Monday, October 14, 2013

Unpacking “Queen of Knives”

Sharp & Fine, the dance company that I co-direct with my brilliant sister, Shannon Kurashige, is working on a new project, an adaptation of Neil Gaiman’s poem “Queen of Knives.” In December, we’ll be putting it on stage in San Francisco, which means that, right now, we’re in the studio wrestling with how to turn one thing into another, how to take the poem and make a new version of all the things it’s telling us in a medium that isn’t necessarily the most natural for the translation of the written word.

It’s been more challenging than I expected. “Queen of Knives” is a strangely tricky poem. Every time I read it, I’m surprised by how much less there is on the page than I remember. Between readings, it sits in the back of my head and grows, developing unsettling shadows, complicated backstory, and strange images that are never actually described in the text. It’s like a mysterious box that has an impossible series of equally mysterious and important boxes nested inside—every time you unpack one, you discover another. As Shannon recently pointed out, the delivery of details is perfect. You are given exactly what you need at exactly the right moment in exactly the right order to make the poem a ruthlessly, wonderfully efficient courier of image and feeling.

“Queen of Knives” is a brief narrative about a boy who visits his grandparents and is taken to a magic show where his grandmother is called up to the stage as the volunteer for the old trick where a lady is put into a box, sliced apart with swords, and then vanished. I won’t spoil the ending for you, but the poem manages to make this simple sequence of events into an almost distressingly pungent reflection on love, aging, regret, and loss.

We’ve been trying to identify the necessary parts of the story, to figure out which of those perfectly delivered details will survive the translation into dance and hopefully become something just as vivid as the poem itself, even if it’s something rather different. Dance articulates different kinds of things with varying degrees of accuracy. It struggles with complex, factual situations, but manages the visceral and gut-driven with relish. This is the first time we’ve tried to tell a story—an actual linear story—in dance, and deciding what needs to be in there to make sense and what needs to be changed so it can be told in movement has been a fascinating exercise.

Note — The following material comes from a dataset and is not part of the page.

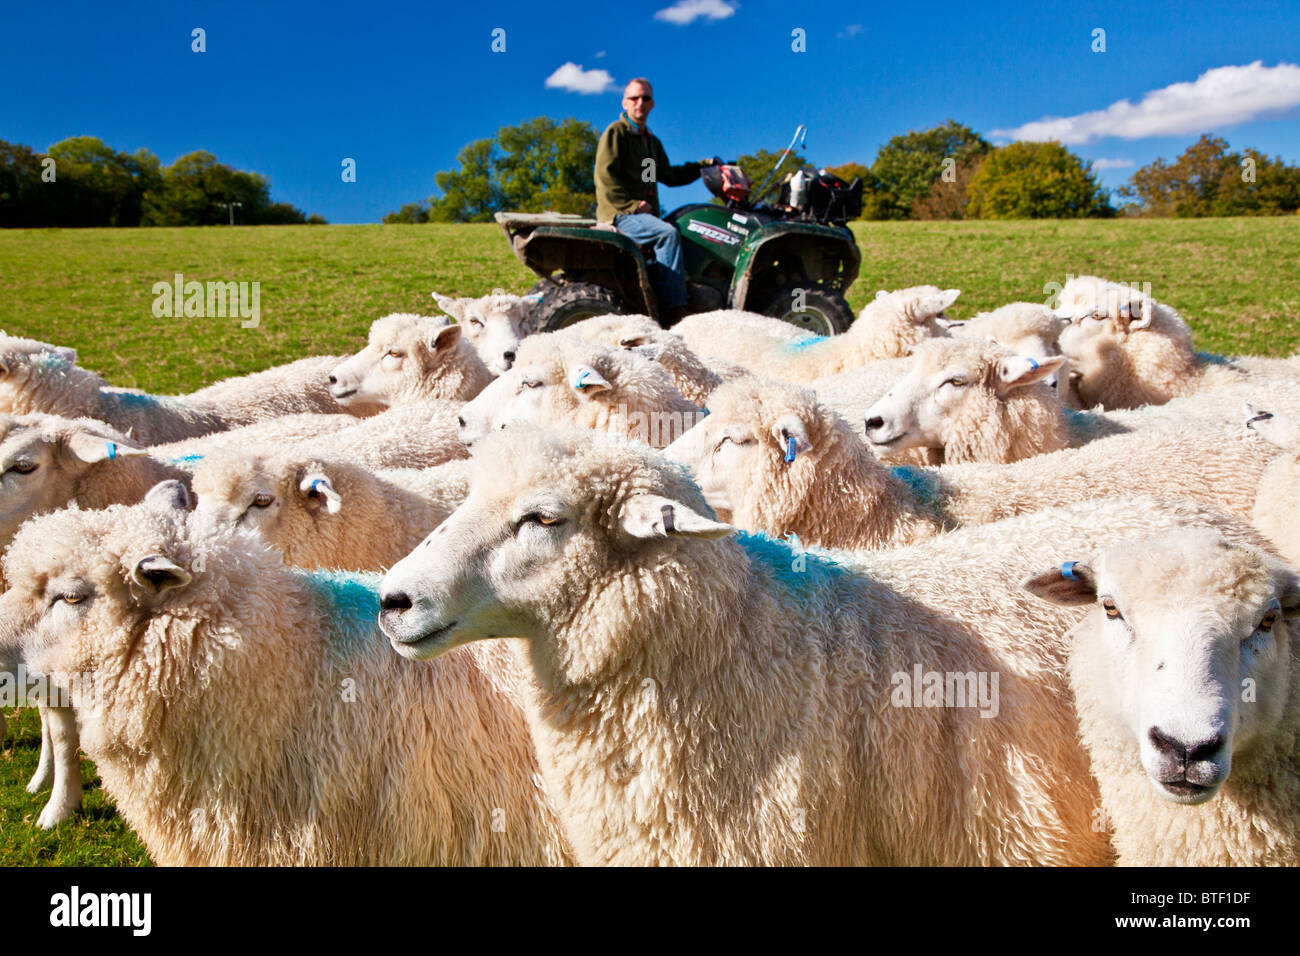 Un día moderno pastor en quad controlar un rebaño de ovejas romney en un campo. Foto de stock

Here’s a little snippet of our translation so far:



Without context, that bit of dance is, with any luck, beautiful, but probably doesn’t have much meaning. With context, our hope is that it will wring out some genuine tears. This duet is meant to come near the end of the dance when the events of the narrative are mostly over and we get to bring the audience into the wonderfully enormous landscape of devastation that follows.

When we’re not in the studio, we root around in all the things that we can find in the poem and grab onto whatever tangents drift past. There are lines from old songs in the poem, so we hunt the songs down. We listen to them, we read their sheet music, we get sidetracked by the life of Al Jolson, and listen to new ukulele renditions of them. There are magic tricks in the poem, so we watch videos of Cardini, David Copperfield, Penn & Teller, and Apollo Robbins. We attempt to create tableaux of acts of violence and our comic attempts at a bar fight turn into a strange sequence of movements that fill the stage to the imperious voice of a metronome.

Our dancers (Eric Garcia, Katharine Hawthorne, Shannon Leypoldt, Carson Stein, and Megan Wright—all absurdly intelligent, gorgeous movers and beautiful people to boot) send us emails full of thoughts and YouTube videos. They ask us prodding questions and mostly don’t laugh when we ask them to do odd tasks, like mimic a foxtrot, or attempt a waltz, or draw their walking route from room to room in their house on a weekday morning. It all sounds very roundabout and possibly excessive, but it’s a necessary excess and wandering. It’s how we unpack all those mysterious boxes and details that Neil managed to put into his poem, so cleverly that you sometimes only notice them when you’re trying to turn it inside out. It gives us the stuff we need so that when we go into the studio, we can get to work on the strange business of saying the whole thing in dance.